Its Day 85 of my 100 Days of Cloud journey, and in todays post I’m looking at the options for Container Security in Azure.

We looked at an overview of Containers on Day 81, how they work like a virtual machines in that they utilize the underlying resources offered by the Container Host, but instead of packaging your code with an Operating System, each container only contains the code and dependencies needed to run the application and runs as a process inside the OS Kernel. This means that containers are smaller and more portable, and much faster to deploy and run.
We need to secure Containers in the same way as we would any other services running on the Public Cloud. Lets take a look at the different options that are available to us for securing Containers.
Use a Private registry
Containers are built from images that are stored in either public repositories such as Docker Hub, a private registry such as Docker Trusted Registry, which can be installed on-premises or in a virtual private cloud, or a cloud-based private registry such as Azure Container Registry.

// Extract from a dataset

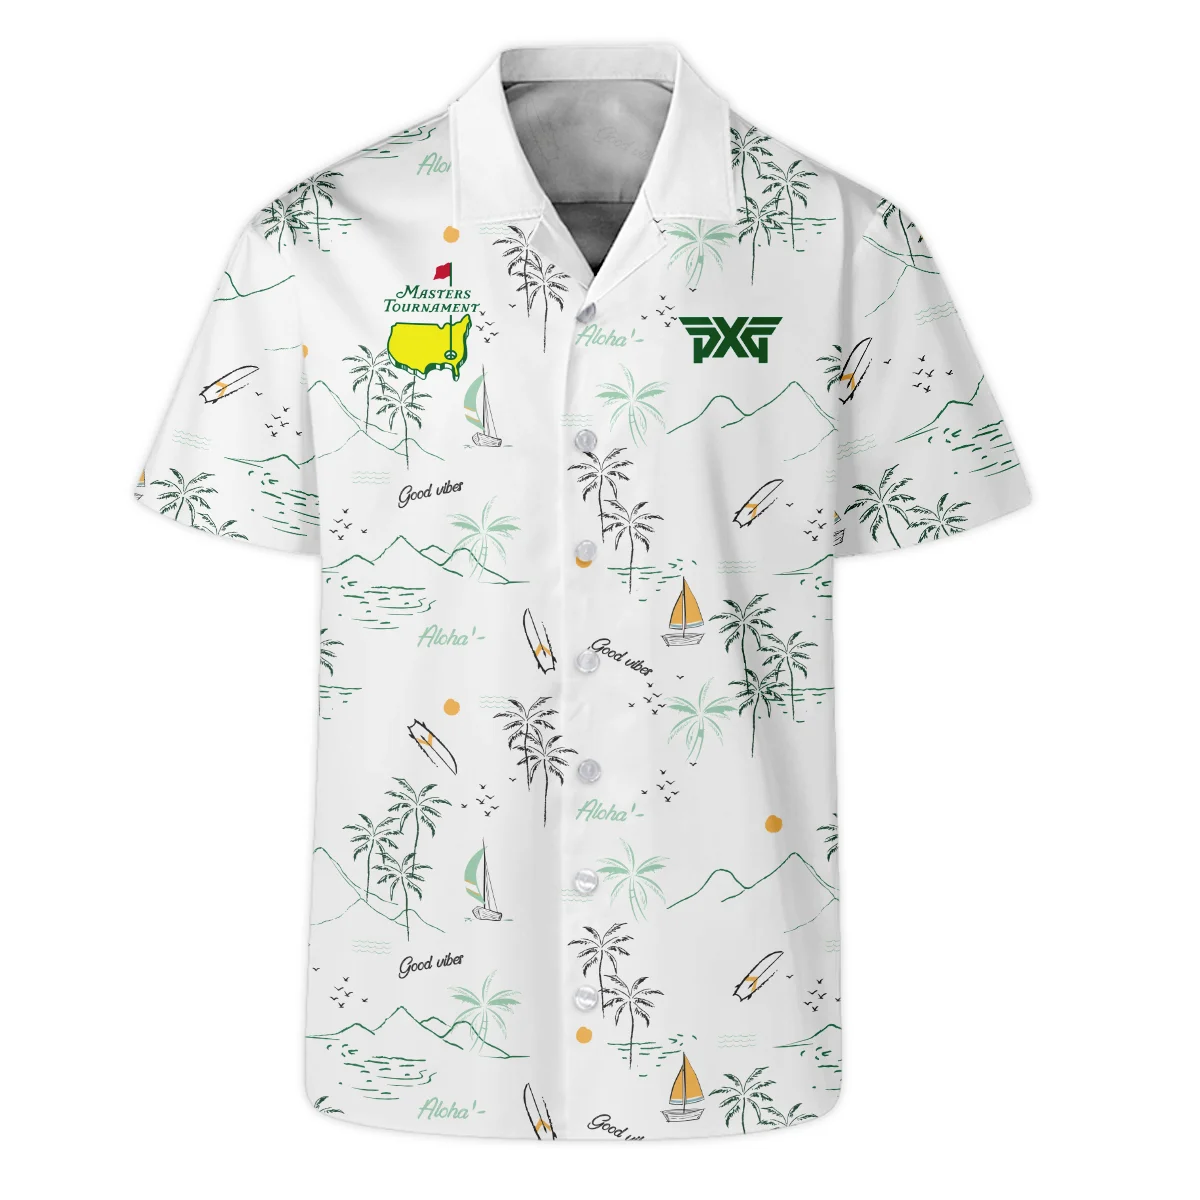 Island Seamless Pattern Golf Masters Tournament Polo Shirt Style Classic Polo Shirt For Men

Like all software that is publicly available on the internet, a publicly available container image does not guarantee security. Container images consist of multiple software layers, and each software layer might have vulnerabilities.
To help reduce the threat of attacks, you should store and retrieve images from a private registry, such as Azure Container Registry or Docker Trusted Registry. In addition to providing a managed private registry, Azure Container Registry supports service principal-based authentication through Azure Active Directory for basic authentication flows. This authentication includes role-based access for read-only (pull), write (push), and other permissions.
Ensure that only approved images are used in your environment
Allow only approved container images. Have tools and processes in place to monitor for and prevent the use of unapproved container images. One option is to control the flow of container images into your development environment. For example, you only allow a single approved Linux distribution as a base image in order to minimize the surface for potential attacks.
Another option is to utilize Azure Container Registry support for Docker’s content trust model, which allows image publishers to sign images that are pushed to a registry, and image consumers to pull only signed images.
Monitoring and Scanning Images
Use solutions that have the ability to scan container images in a private registry and identify potential vulnerabilities. Azure Container Registry optionally integrates with Microsoft Defender for Cloud to automatically scan all Linux images pushed to a registry to detect image vulnerabilities, classify them, and provide remediation guidance.
Credentials
Credential management is one of the most basic tyes of security. Because containers can spread across several clusters and Azure regions, you need to ensure that you have secure credentials required for logins or API access, such as passwords or tokens.
Using tools such as TLS encryption for secrets data in transit, least-privilege Azure role-based access control (Azure RBAC), and Azure Key Vault to securely store encryption keys and secrets (such as certificates, connection strings, and passwords) for containerized applications.
Removing unneeded privileges from Containers
You can also minimize the potential attack surface by removing any unused or unnecessary processes or privileges from the container runtime. Privileged containers run as root. If a malicious user or workload escapes in a privileged container, the container will then run as root on that system.
Enable Auditing Logging for all Container administrative user access
Use native Azure Solutions to maintain an accurate audit trail of administrative access to your container ecosystem. These logs might be necessary for auditing purposes and will be useful as forensic evidence after any security incident. Azure solutions include:
- Integration of Azure Kubernetes Service with Microsoft Defender for Cloud to monitor the security configuration of the cluster environment and generate security recommendations
- Azure Container Monitoring solution
- Resource logs for Azure Container Instances and Azure Container Registry
Conclusion
So thats a brief overview of how we can secure containers running in Azure and ensure that we are only using approved images that have been scanned for vulnerabilities.